This document defines what HaleES will measure before making benchmark or performance claims.
Important
This is a benchmark plan, not benchmark results. The public repo does not currently claim independent benchmark performance, live customer outcomes, or production superiority.
A public architecture specification should separate three things:
| Category | Meaning |
|---|---|
| Architecture | How the system is designed |
| Reference behavior | What the public deterministic examples can demonstrate |
| Measured performance | What has been tested and proven with data |
HaleES-56 currently publishes architecture and reference behavior. Measured performance belongs here only after evidence exists.
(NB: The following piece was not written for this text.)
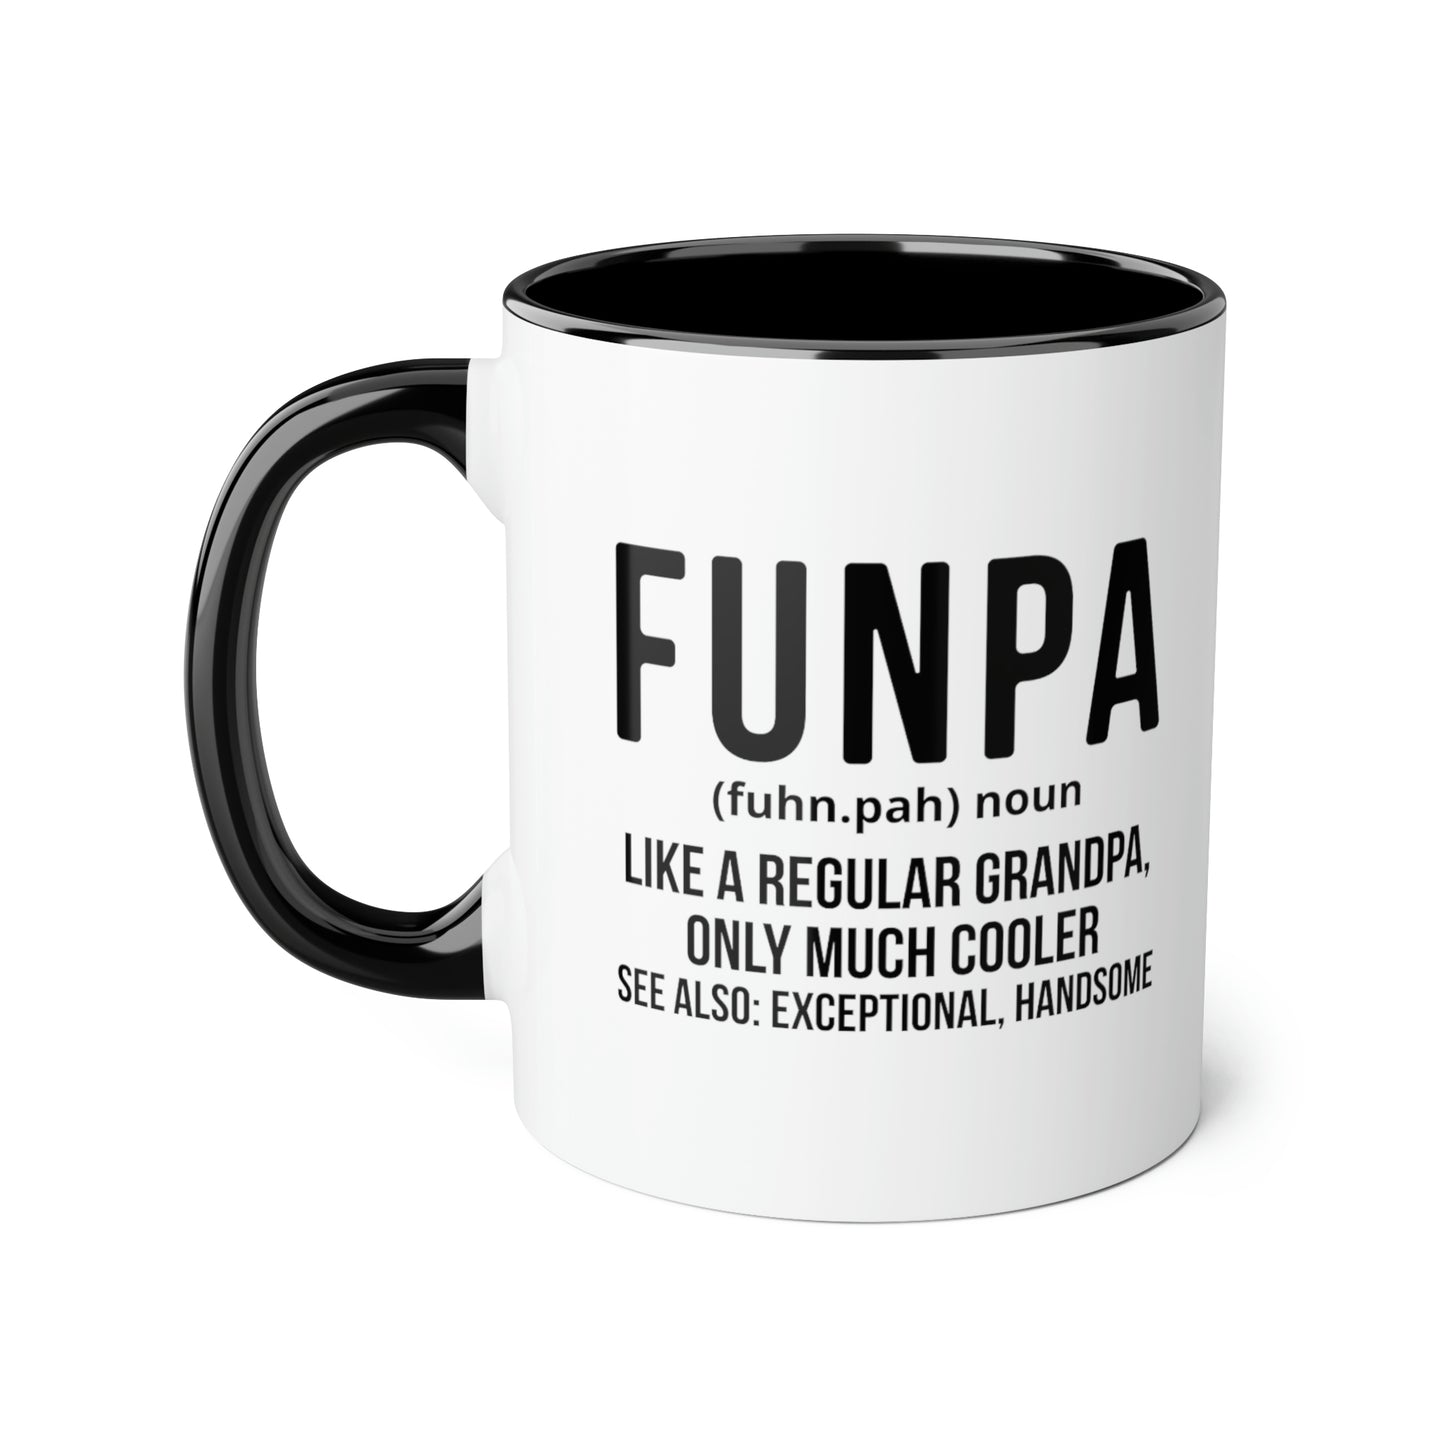 Funpa Accent Mugs, 11oz

| Metric | What it measures | Why it matters |
|---|---|---|
| Routing accuracy | Whether a signal routes to the right specialist profile | Tests whether the taxonomy is usable |
| Unsafe-action block rate | Whether hard-risk examples are blocked or reviewed | Tests enforcement behavior |
| False block rate | Whether safe examples are incorrectly blocked | Tests whether governance is too restrictive |
| Manager review rate | How often work requires human review | Tests operating friction |
| Audit completeness | Whether each decision records actor, reason, result, and next step | Tests traceability |
| Ground-truth failure handling | Whether stale or missing data blocks dependent actions | Tests evidence discipline |
| Time-to-resolution | How long an example takes from signal to result | Tests operational usefulness |
| Workflow clarity | Whether a manager can understand the decision path | Tests usability |
| Scenario | Expected result |
|---|---|
| Low-risk closing task | Pass |
| Same-day call-off coverage | Review |
| Guest refund request with private context | Review or block depending on actor authority |
| Stale inventory prep change | Block |
| Alcohol compliance issue | Review |
| Payment refund above threshold | Review |
| Missing POS/KDS signal | Block or request refreshed source data |
- Define a public-safe input scenario.
- Route it through the reference router.
- Evaluate it through the policy gate.
- Record the expected result.
- Compare actual result to expected result.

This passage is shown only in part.